**YOUR OBJECTIVE**
With pictures removed, print the listing exactly.

**MATERIAL PROVIDED**
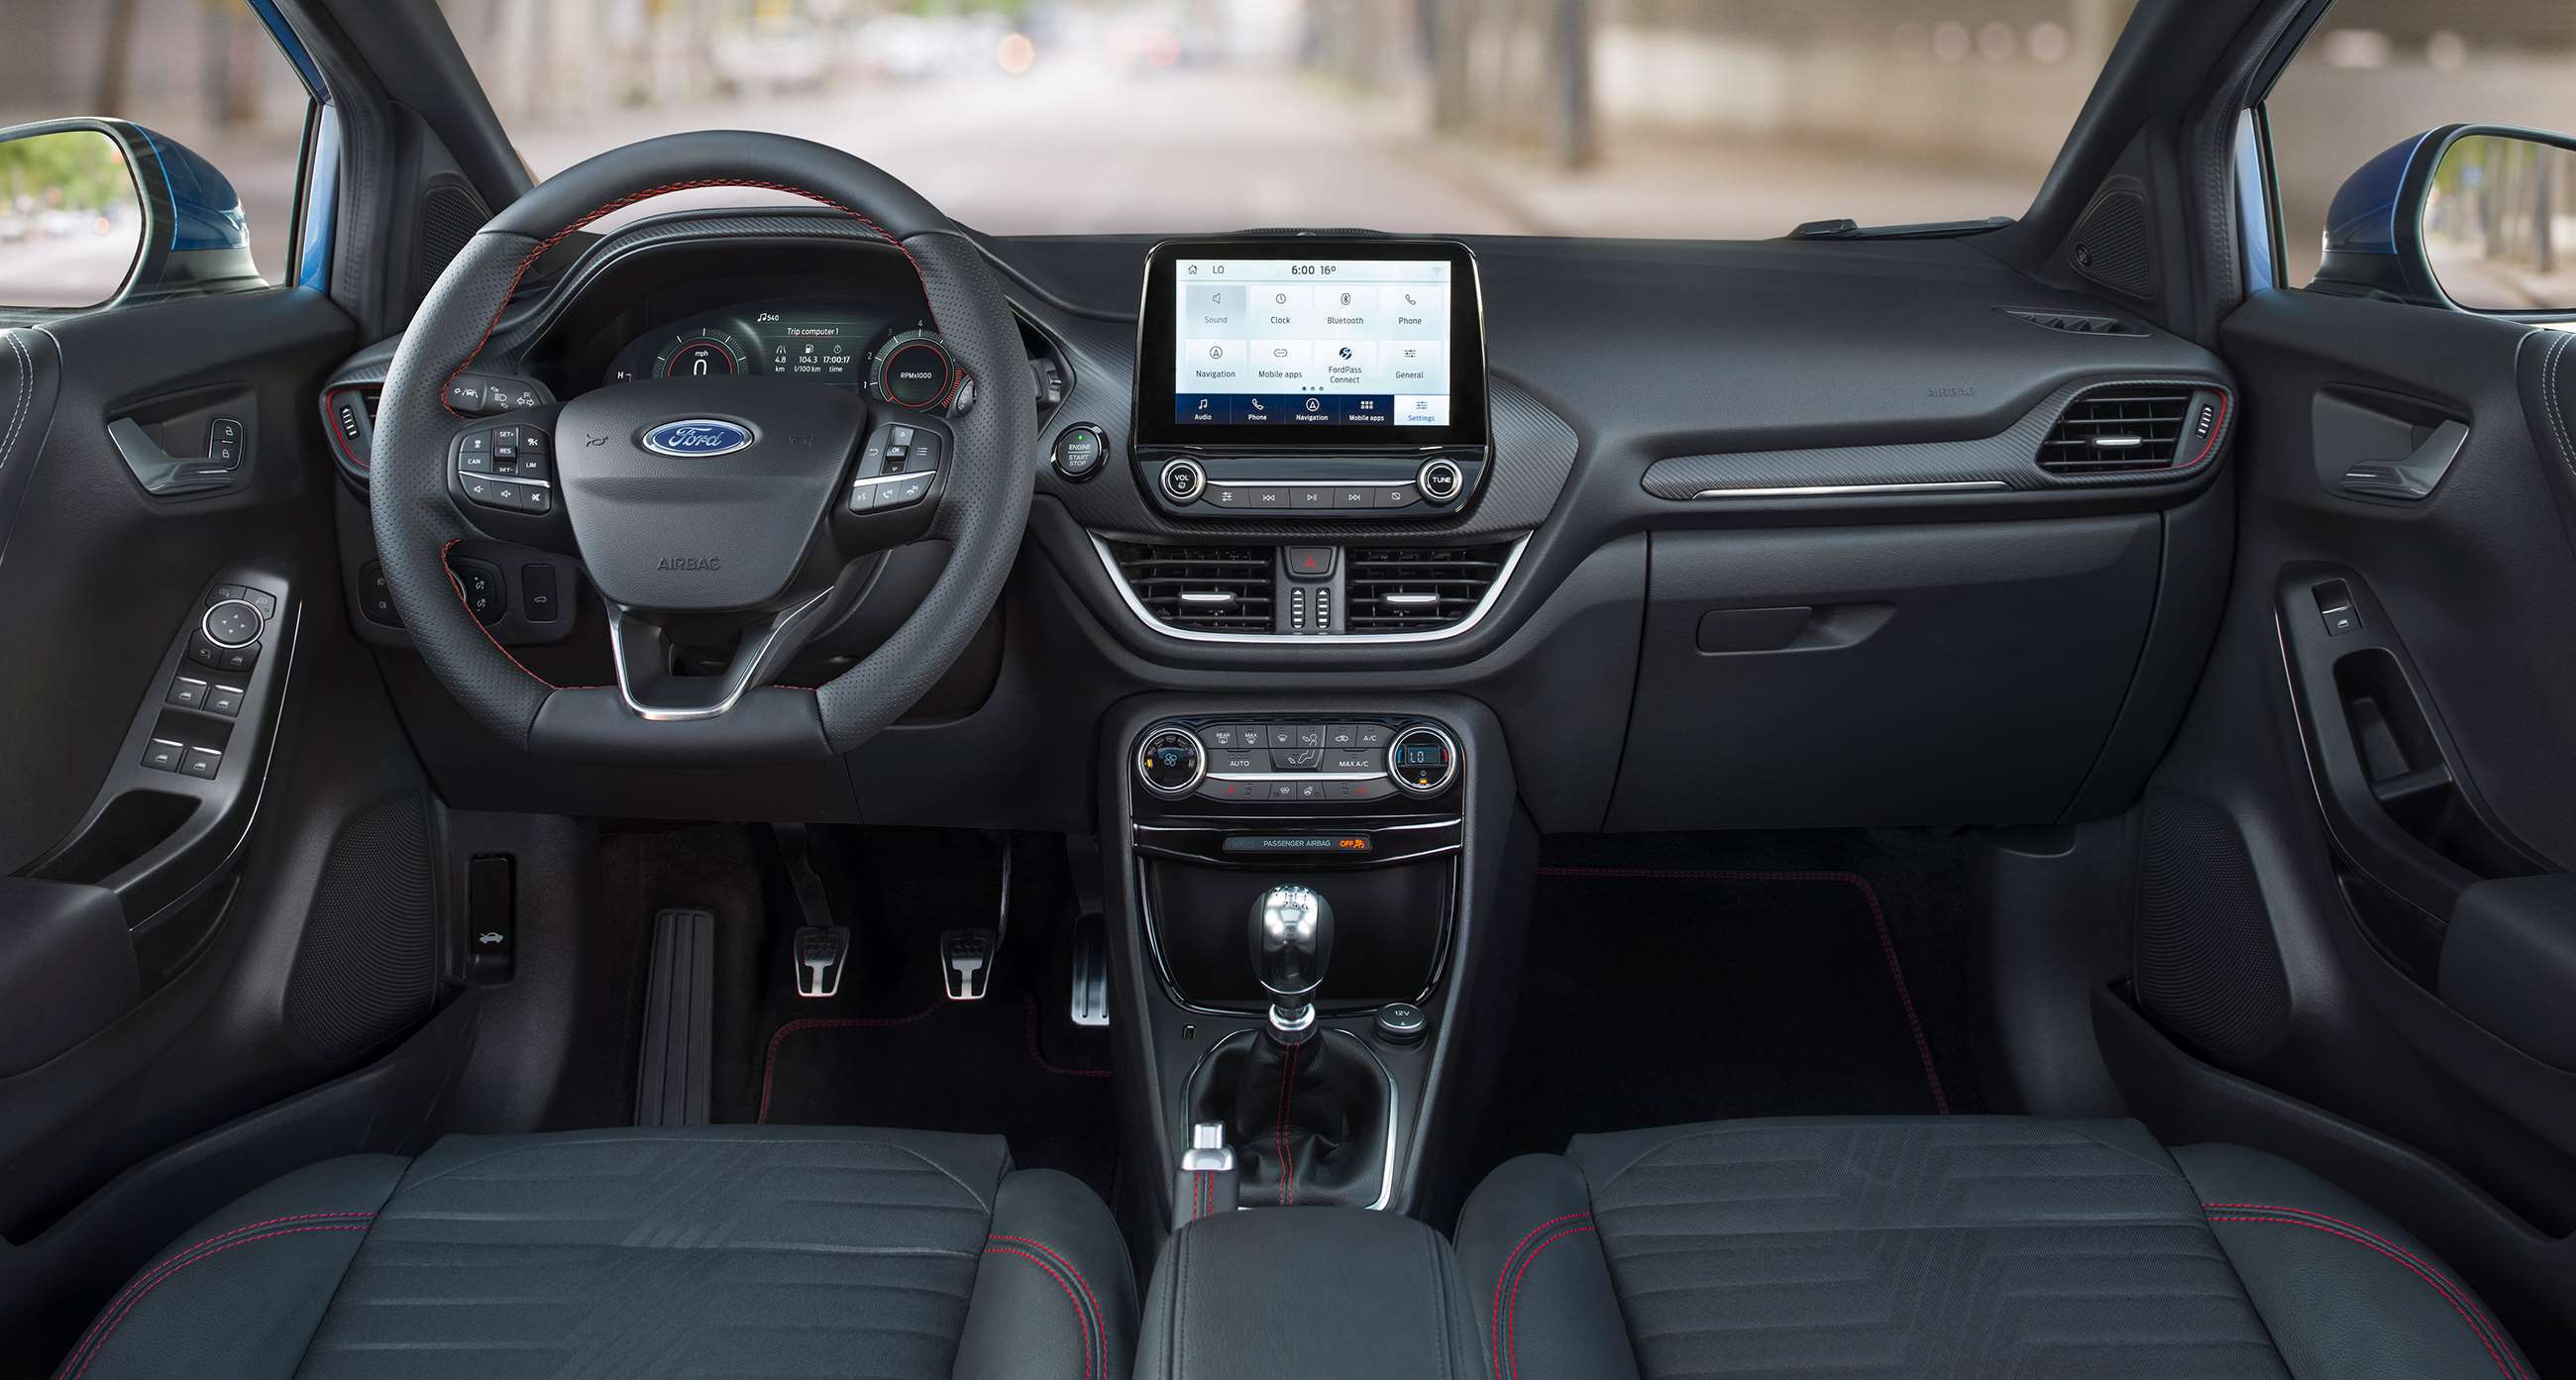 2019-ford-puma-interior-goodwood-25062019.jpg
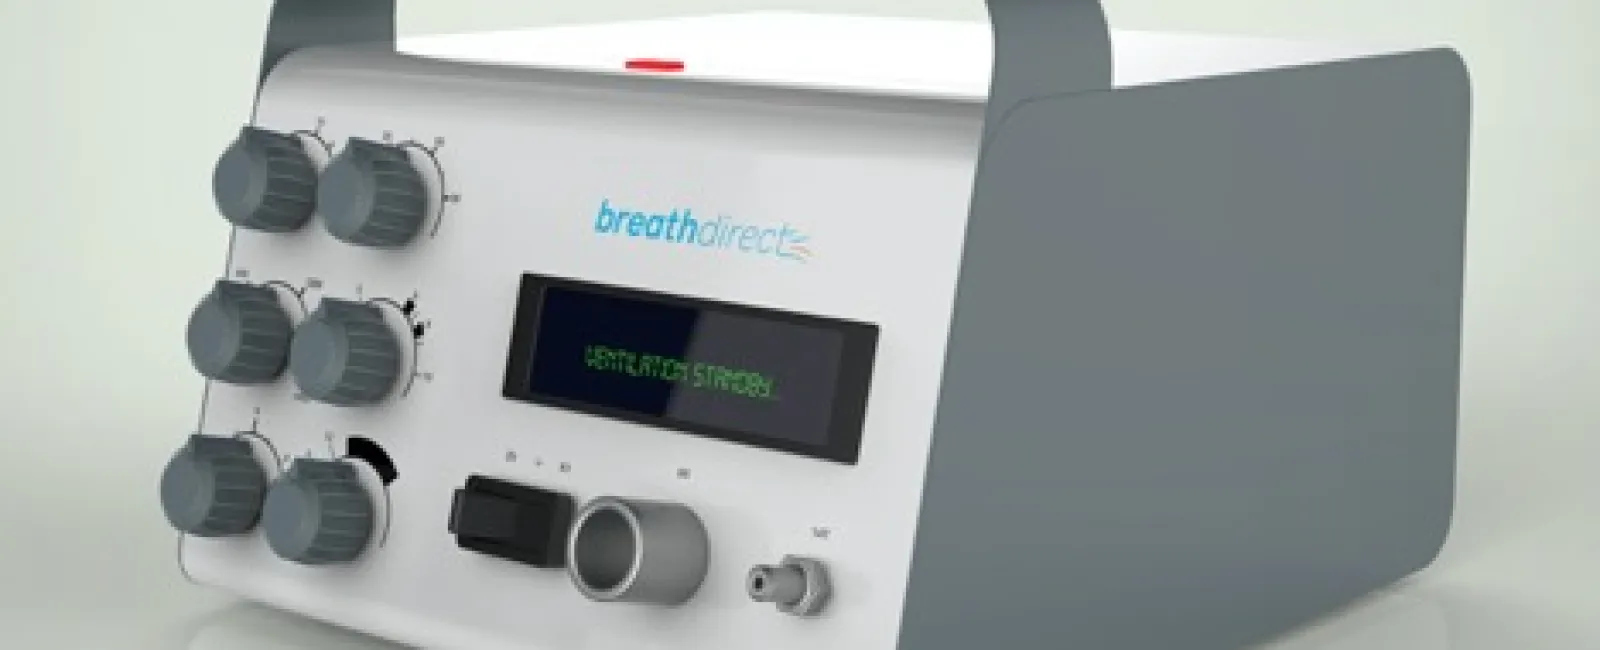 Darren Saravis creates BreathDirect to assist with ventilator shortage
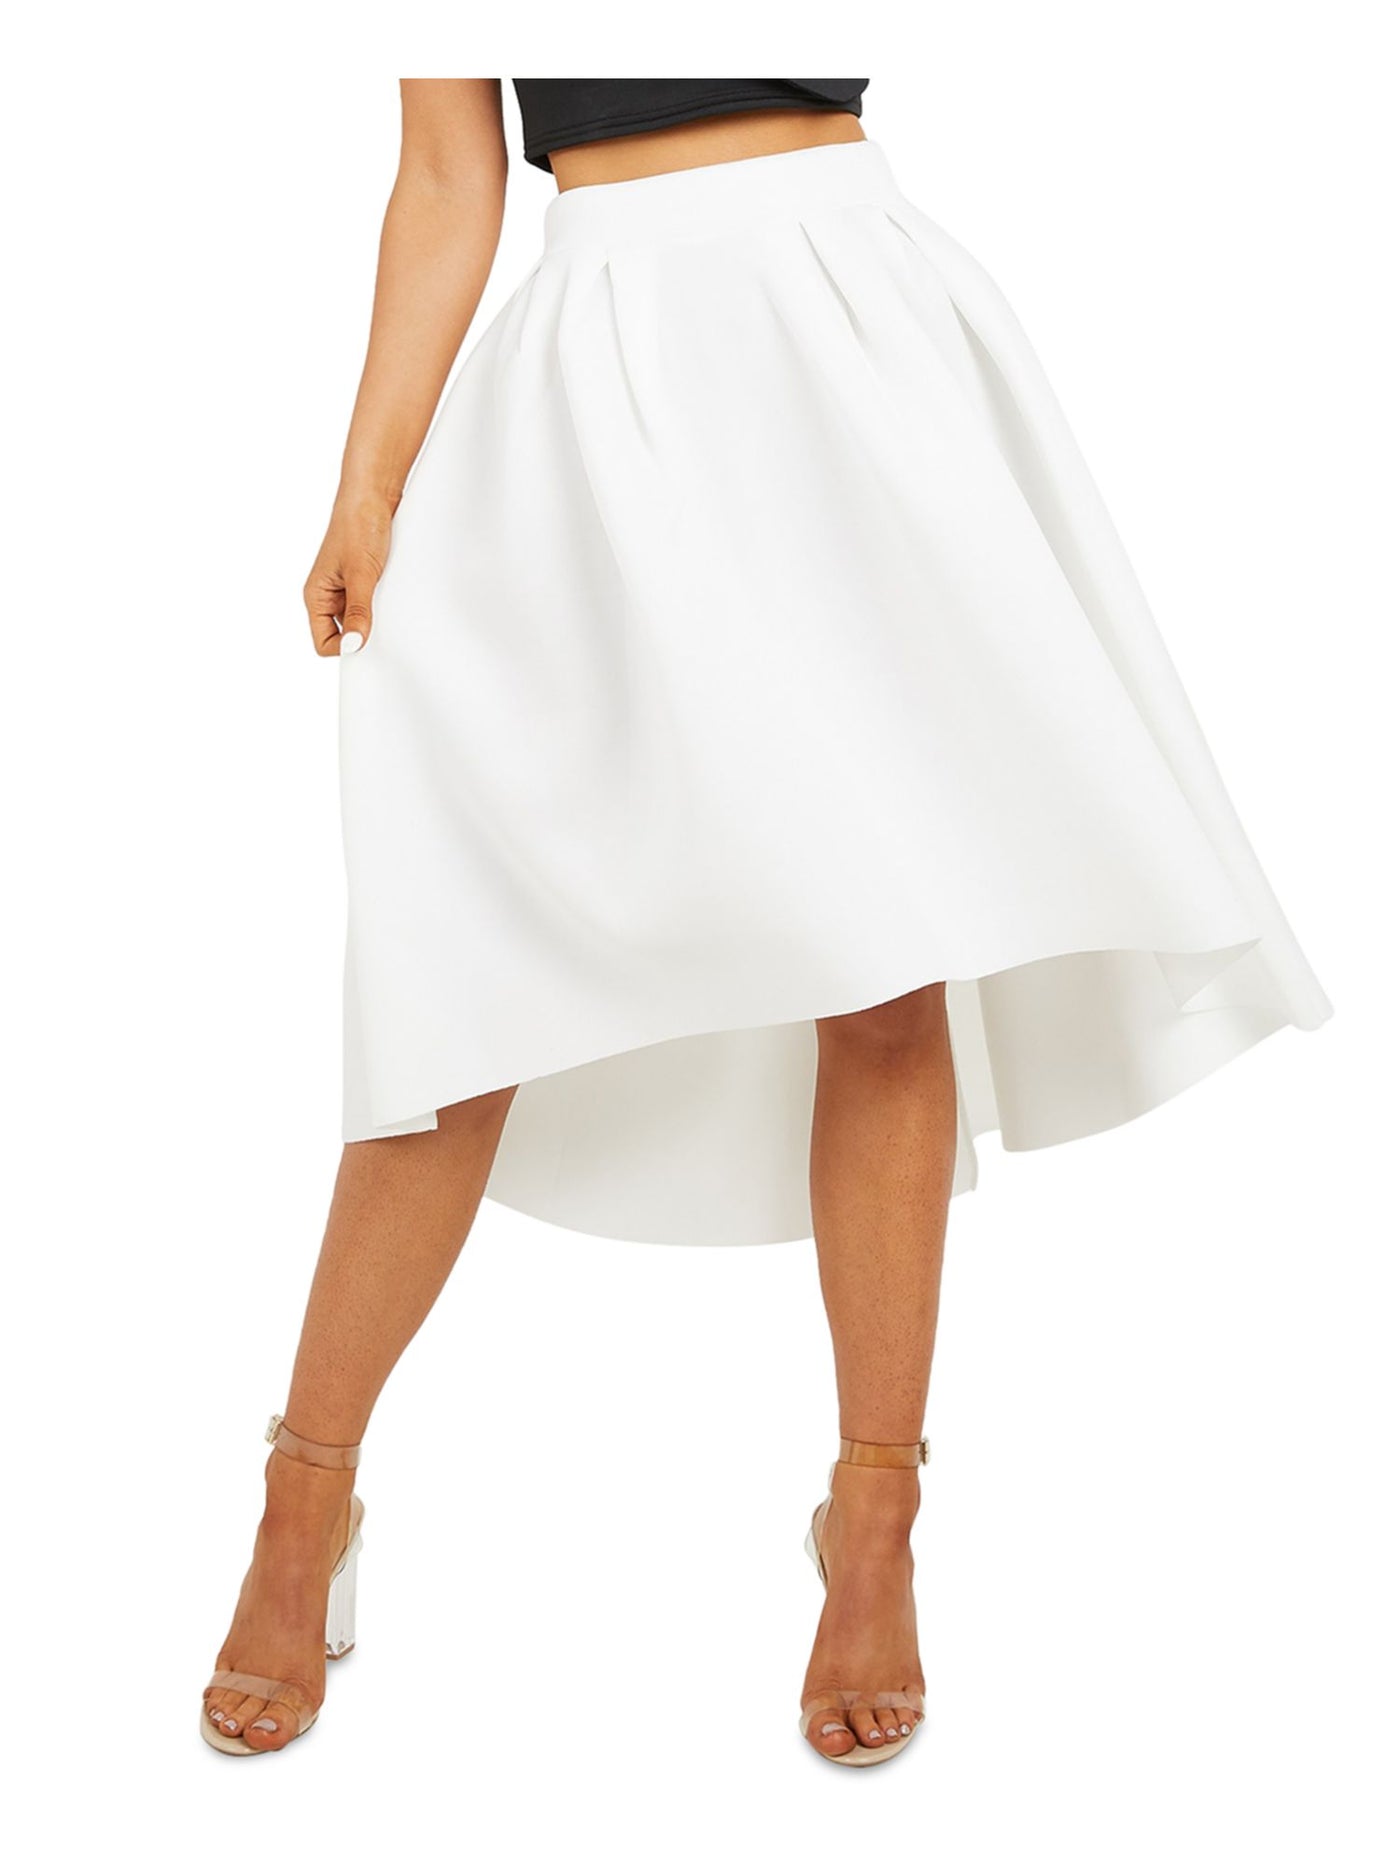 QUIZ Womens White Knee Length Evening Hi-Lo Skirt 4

**RESULT**
 2019-ford-puma-interior-goodwood-25062019.jpg
 Darren Saravis creates BreathDirect to assist with ventilator shortage
 QUIZ Womens White Knee Length Evening Hi-Lo Skirt 4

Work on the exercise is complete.